Local Development: Developing and testing training code
Experimentation: Quick iteration on training algorithms
CI/CD Pipelines: Automated testing of TrainJobs
Educational Use: Learning distributed training concepts
Prototyping: Validating ideas before cluster deployment

Not Suitable For¶

Production Training: Large-scale distributed TrainJobs
Multi-Node Training: Training across multiple machines
Resource Management: Fine-grained GPU/memory allocation
Long-Running Jobs: TrainJobs that run for days/weeks
High Availability: Mission-critical training pipelines

General Best Practices¶

Use for Development: The Local Process Backend is best suited for development and testing. For production workloads, consider using the Container Backend or Kubernetes Backend.
Clean Up Resources: Set cleanup_venv=True (default) to avoid filling disk space with virtual environments.
Test Before Containerizing: Use the Local Process Backend to quickly validate your training code before moving to containerized environments.
Monitor Resource Usage: Since jobs run directly on your machine, monitor CPU, memory, and disk usage to avoid resource exhaustion.
Specify Dependencies Explicitly: Use packages_to_install to ensure all required packages are installed in the isolated environment.

Troubleshooting¶

Common Issues¶

Error	Cause	Solution
`ValueError: CustomTrainer must be set`	Using BuiltinTrainer	Use CustomTrainer instead
`ValueError: Runtime 'name' not found`	Invalid runtime name	Use `list_runtimes()` to see available options
`ValueError: No python executable found`	Missing Python	Install Python or ensure it’s in PATH
`No TrainJob with name 'name'`	Job doesn’t exist	Check job name spelling

Job Status Flow¶

Created → Running → Complete
    ↓       ↓
  Failed ← Failed

Virtual Environment Creation Fails¶

Problem: Error creating virtual environment.
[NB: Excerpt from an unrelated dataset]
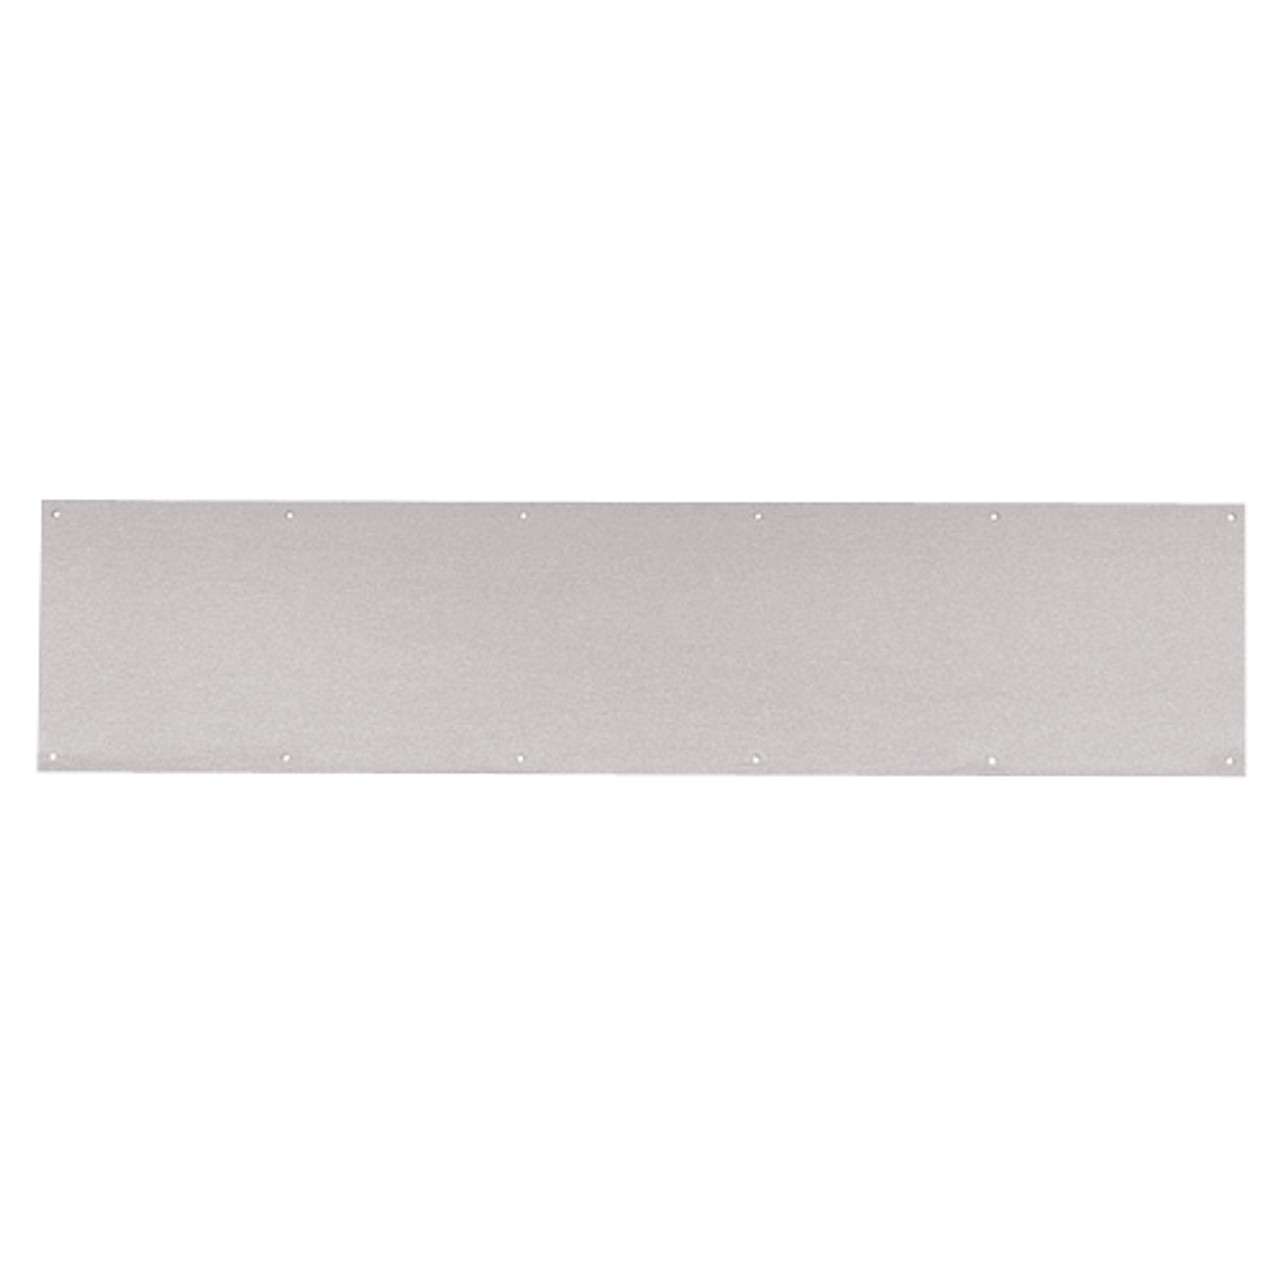 8400-US32D-12x48-B-CS Ives 8400 Series Protection Plate in Satin Stainless Steel
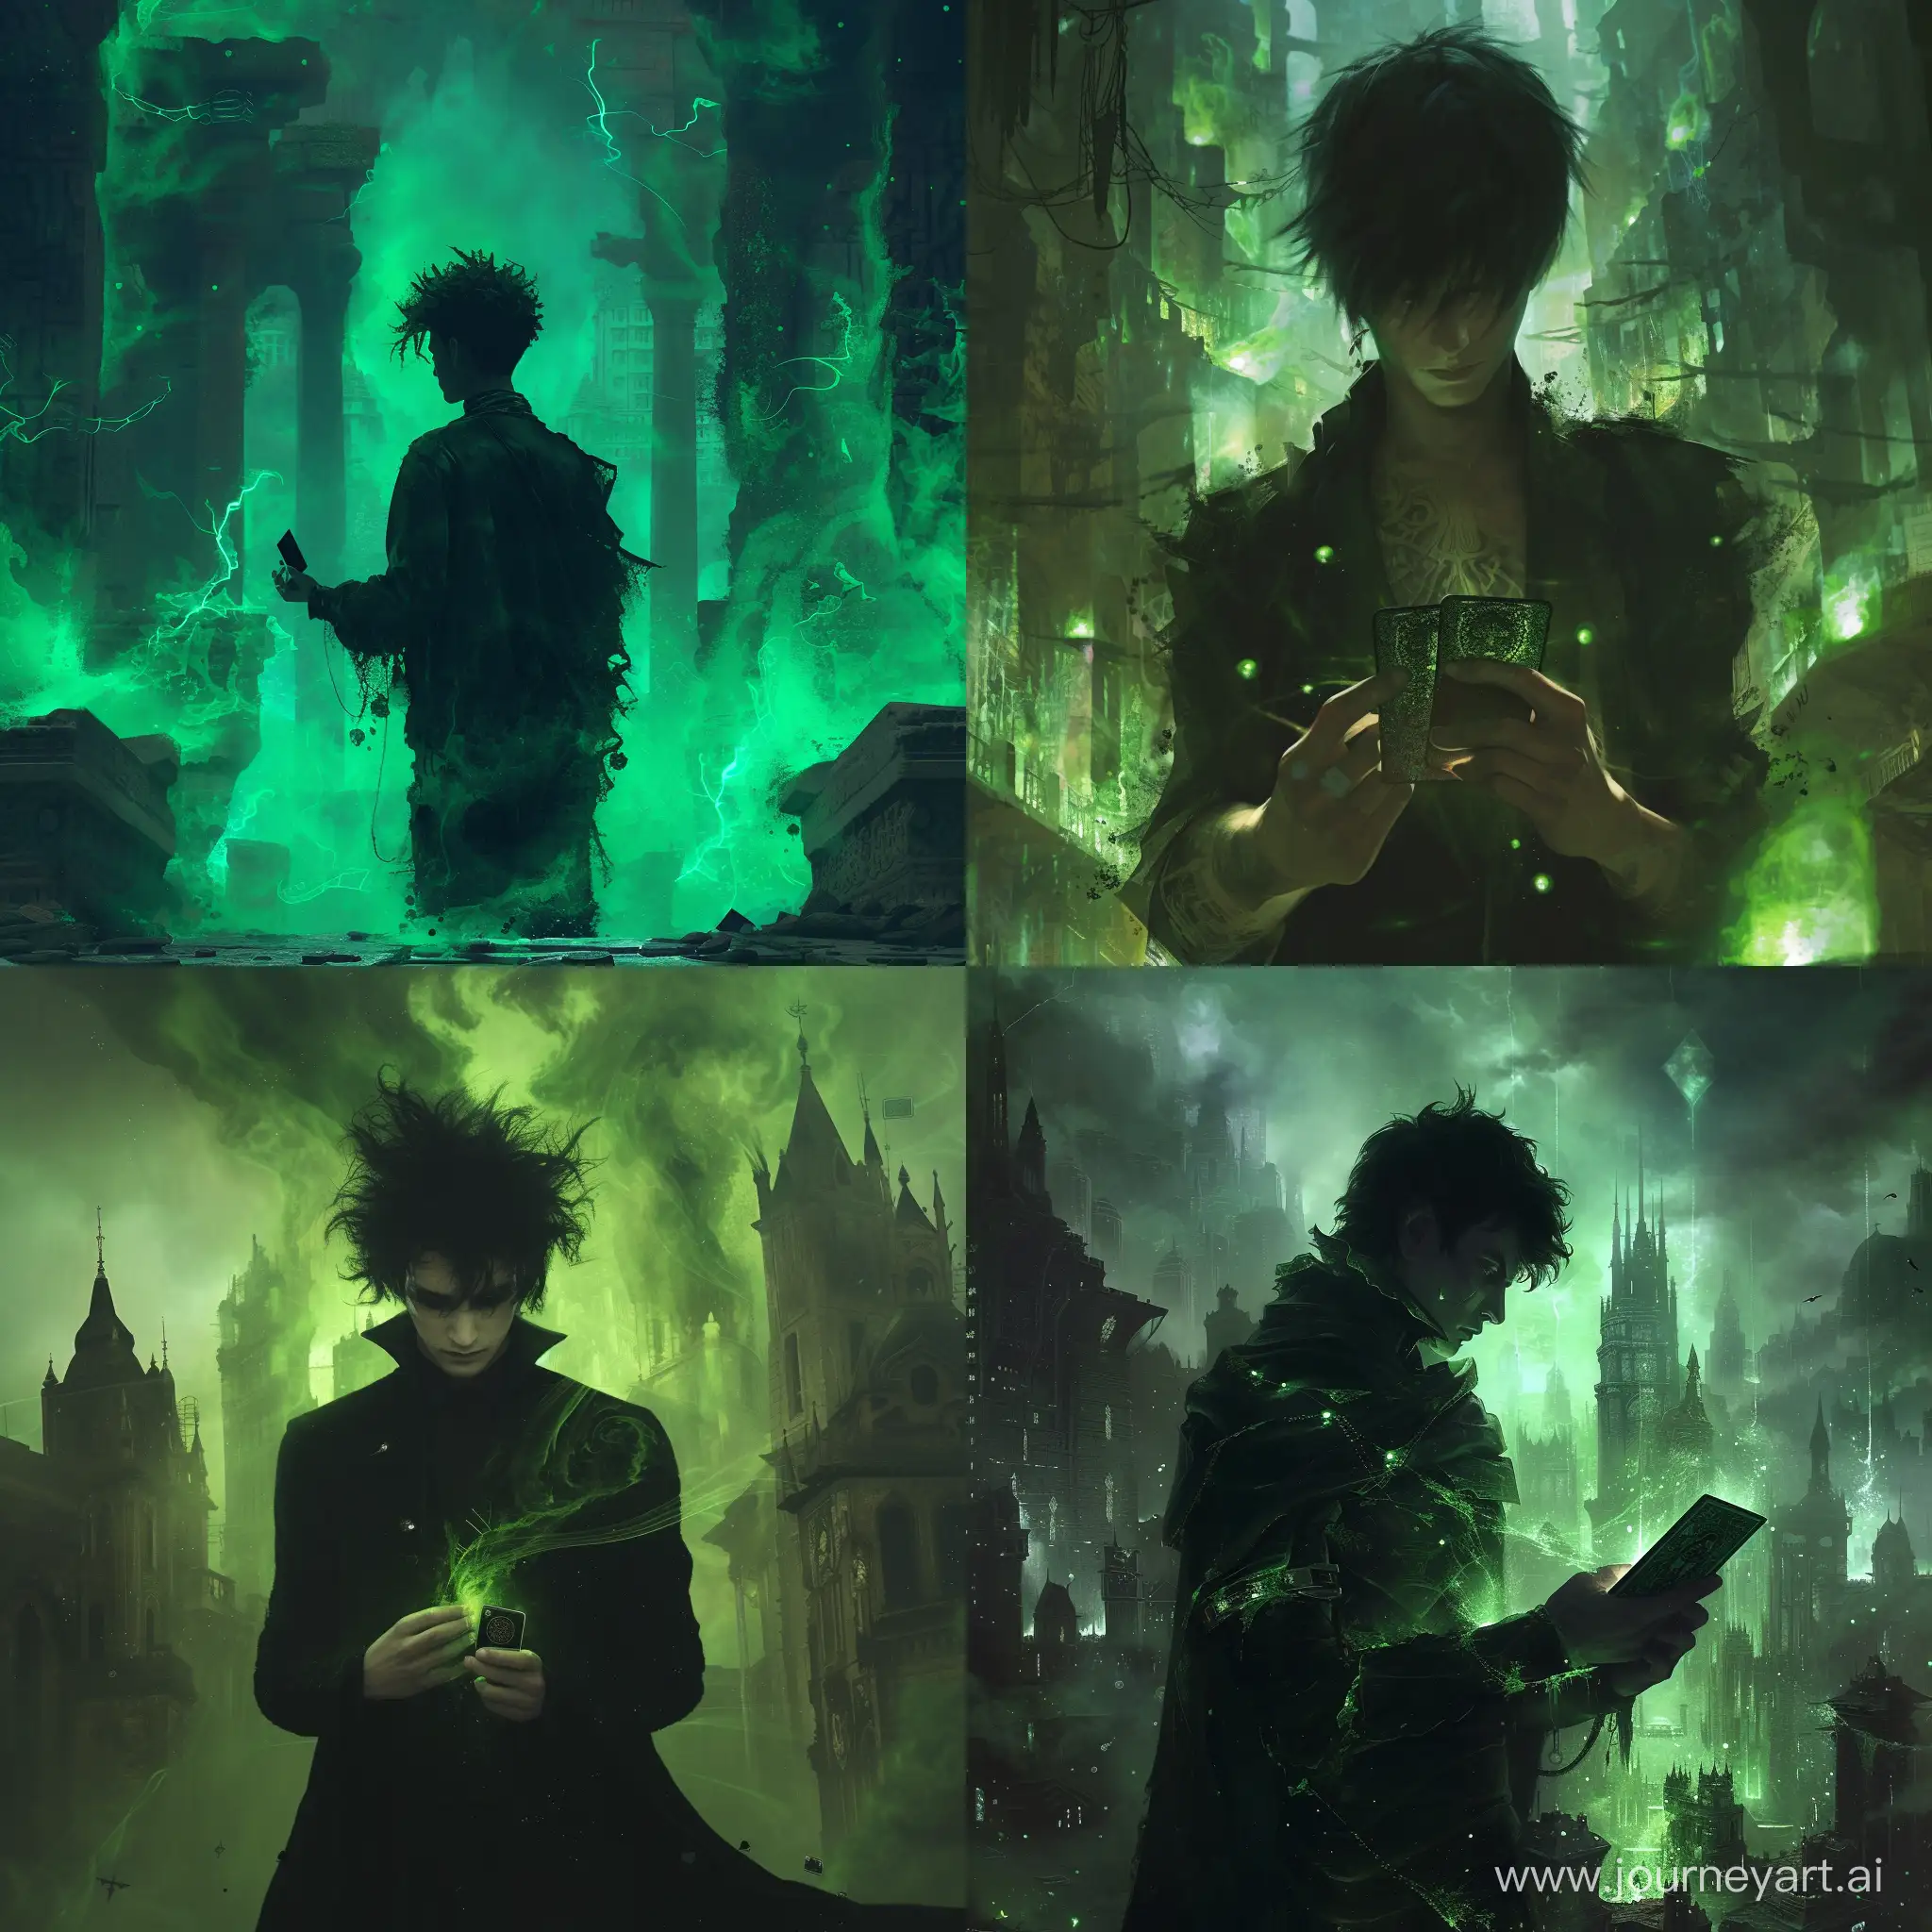 Mystical-Young-Man-in-Ancient-City-Embraced-by-Enigmatic-Green-Magic

Solution: Ensure you have sufficient disk space and that Python’s venv module is installed:

python -m venv --help

Package Installation Errors¶

Problem: Required packages fail to install in the virtual environment.

Solution:

Check your internet connection
Verify that package names are correct
Use packages_to_install to explicitly specify packages
Ensure pip is up to date: pip install --upgrade pip

Jobs Not Cleaning Up¶

Problem: Virtual environments remain after job completion.

Solution: Verify that cleanup_venv=True in your config, or manually delete jobs:

client.delete_job(job_name)

Permission Errors¶

Problem: Permission denied when creating virtual environments.

Solution: Ensure you have write permissions to the temp directory. On Unix-like systems, check:

ls -ld /tmp

Debug Mode¶

Enable debug logging for detailed execution information:

import logging
logging.basicConfig(level=logging.DEBUG)

backend_config = LocalProcessBackendConfig(cleanup_venv=False)
client = TrainerClient(backend_config=backend_config)

Limitations¶

Single Machine Only: Only runs on local machine, no distributed training across multiple nodes. The num_nodes parameter is ignored.
CustomTrainer Only: Does not support BuiltinTrainer configurations.
No GPU Scheduling: Cannot manage GPU allocation across multiple jobs.
Process Isolation: Jobs are isolated by virtual environment, not containers.
Limited Scaling: Not suitable for large-scale production training.
System Dependencies: Training code must be compatible with your local Python environment and operating system.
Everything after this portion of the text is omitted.